By Alex Dombroff
Minutes after overcoming a vicious cut and an equally vicious Joshua Clottey, welterweight champion Miguel Cotto was asked what lies ahead for him. His response – one word – was as confident as any punch he threw all night. “Vacation!” And who could blame him?
Cotto (34-1, 27 KOs) fighting in front of a raucous crowd of supporters at Madison Square Garden on the eve of New York’s Puerto Rican Day parade, looked beat up and exhausted at the post fight press conference following his grueling split decision win over Clottey.

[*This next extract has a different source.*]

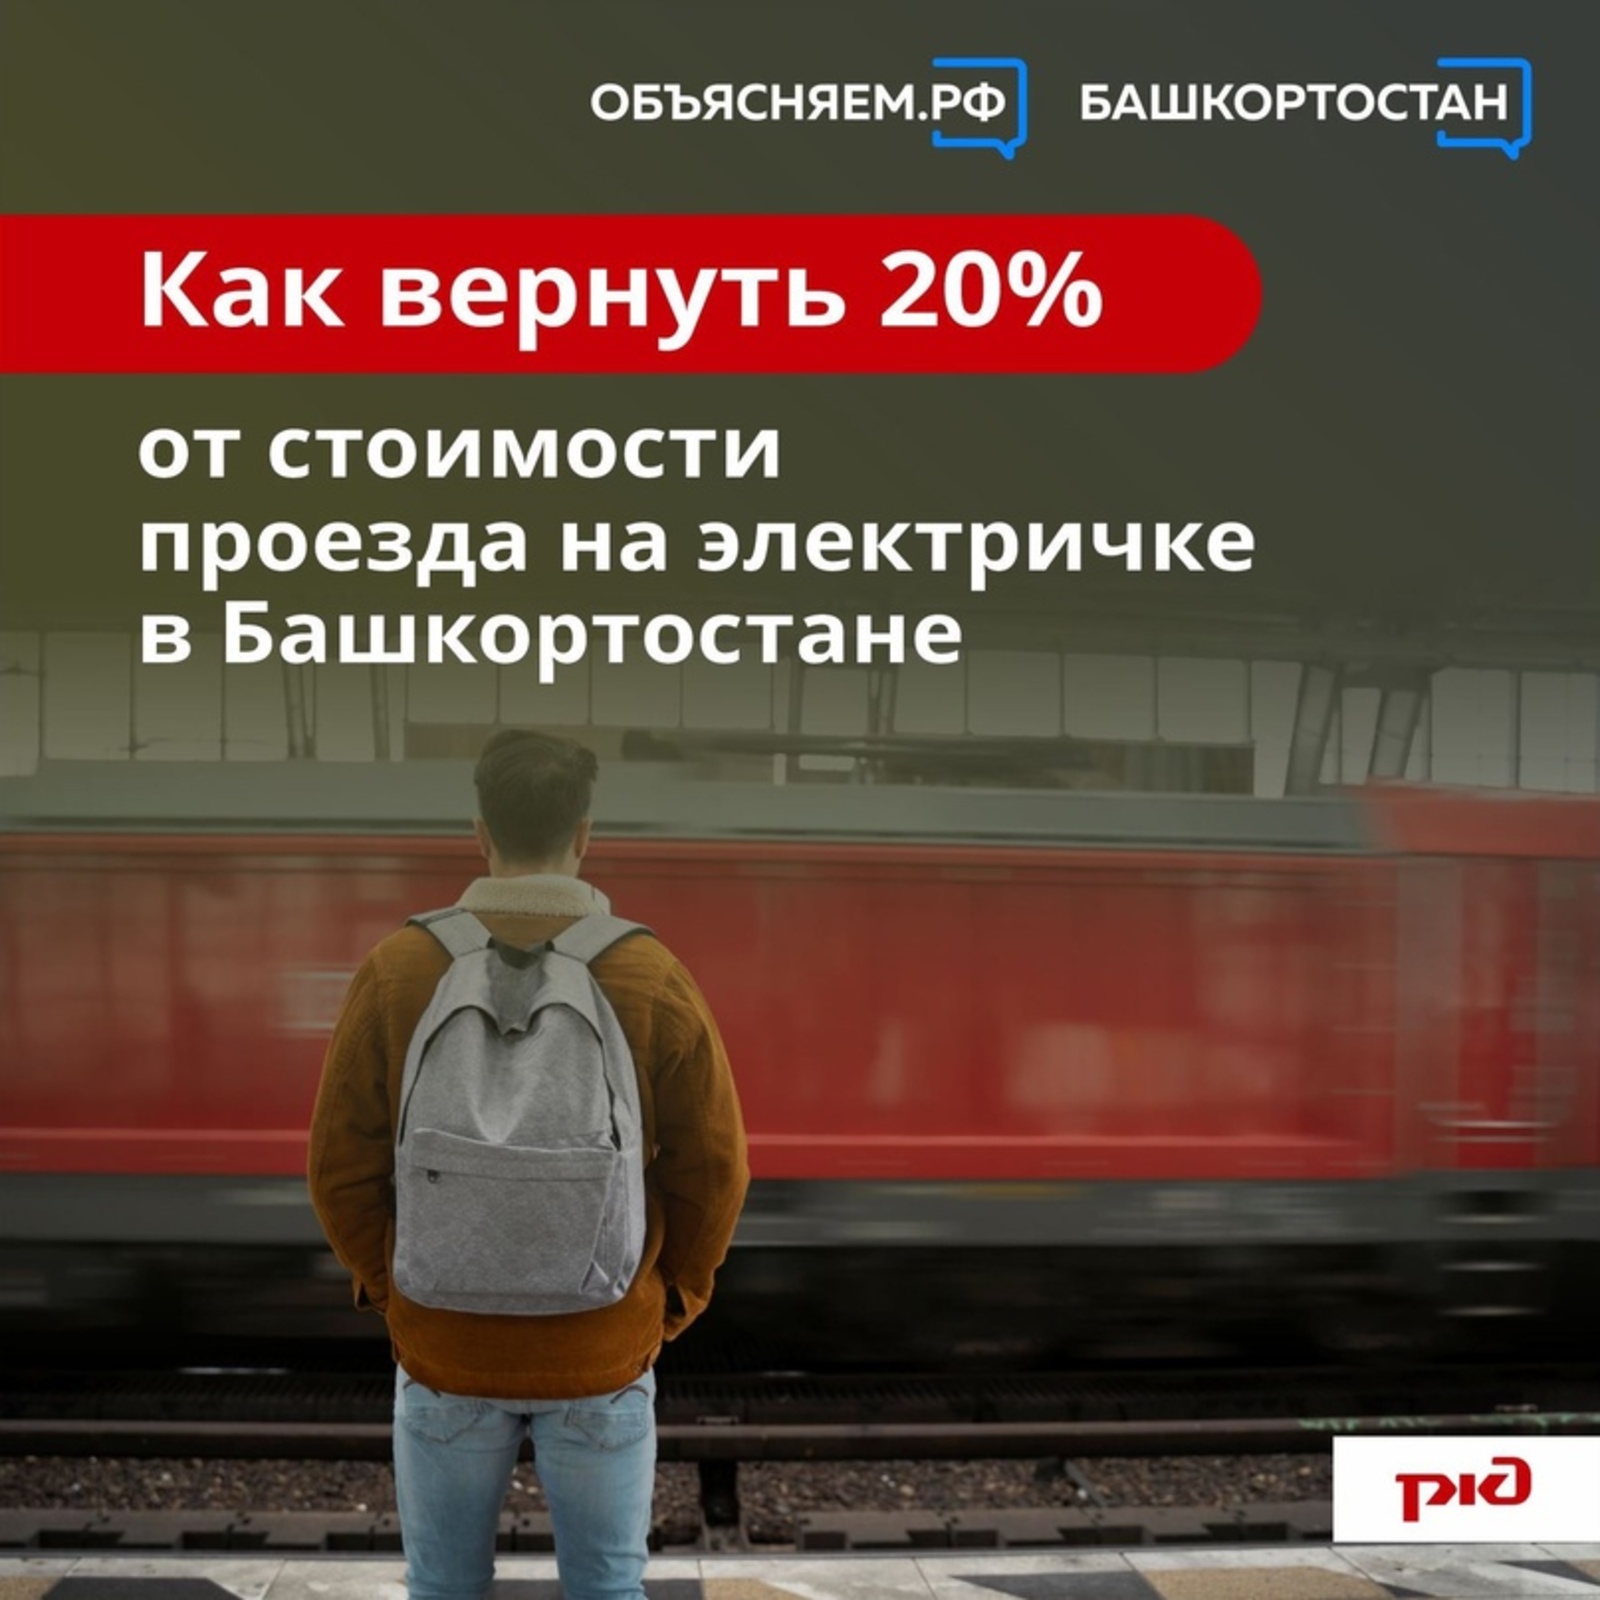 Как вернуть 20% от стоимости проезда на электричке в Башкортостане

And his appearance was brief.
Cotto only stopped to chat for a few minutes, en route to the hospital where the cut, which opened in third round above his left eye after an accidental headbutt, needed stitching.
“I am a little tired and have a huge cut on my left eye,” said Cotto. “I didn’t see the right hand coming. In the last five rounds, I handled it pretty well.”
Cotto’s opinion wasn’t far off from that of the judges.
Judges John McKaie (115-112) and Don Trella (116-111), had Cotto sweeping the last three and four rounds, respectively, on their scorecards. The dissenting opinion, turned in by Tom Miller (113-114), had Clottey winning five of the last six rounds.
The tight decision, and mixed opinion among press row about who was the real winner, was one of the main issues discussed on the dais after the fight.
“After ten rounds, I had it five rounds for Cotto, five rounds for Clottey,” said Top Rank President Bob Arum, who noted that would put Cotto up a point due to the flash knockdown he scored on a jab in the closing seconds of round one. “I thought Cotto clearly won the eleventh. The twelfth could’ve gone either way. If you gave it to Clottey, you still had Cotto up one point.”
Clottey (35-3, 21 KOs) used the post-fight stage to express his displeasure with the result, and at the same time begin his lobbying for a rematch.
“I think I won the fight, but I didn’t get the decision,” said Clottey. “The thing that would make me happy is a rematch. I’m very upset, but I have to move on. But what will make me happy is for Mr. Bob Arum to give me a rematch.”
A rematch is one Arum had already admitted was a tough sell given the big money fights that await Cotto. And although there were mild cheers among the press corps whenever the proposal of a rematch was fired at one of the principals on stage, the center of conversation was life after Joshua Clottey for Miguel Cotto.
“We’re going to have to talk to the Cotto people,” said Arum. “He has a lot of options. I would like for him to fight Manny Pacquiao. That would be a tremendous fight, and I hope we can get it done for November.”
Pound-for-pound champ, Pacquiao, would obviously make for a big money fight, but the one name Arum couldn’t avoid responding to was that of Floyd Mayweather, Jr. Mayweather, whose return to the ring July 18th has now been postponed, is still viewed by many as the top fighter in the world despite a 19-month ring layoff, and a fight with Pacquiao could be the highest grossing of all time.
But Arum isn’t buying that he’ll see Mayweather in the ring with either of his guys anytime soon.
“Floyd has a fight coming up with Marquez, and then he’ll probably want to fight Calderon,” said Arum referring to Ivan Calderson, the 108-pound champion who also fought on the show. “Mayweather won’t fight anyone that can beat him. He will only fight someone who he thinks is not a danger. Psychologically, he cannot take defeat.”
Cotto, himself, took a wait-and-see approach in terms of finding his next opponent. He even said he would be open to a rematch with Clottey, however unlikely that may seem.
“I’m going to sit with the company,” said Cotto. “If the rematch is the way the company wants to follow, we’ll do it.”
Reminded that the fight fans want to see Cotto back in the ring as quickly as possible, Cotto reminded everyone a little R & R was in order before anything else.
“The people have to wait till I rest a little bit,” he said.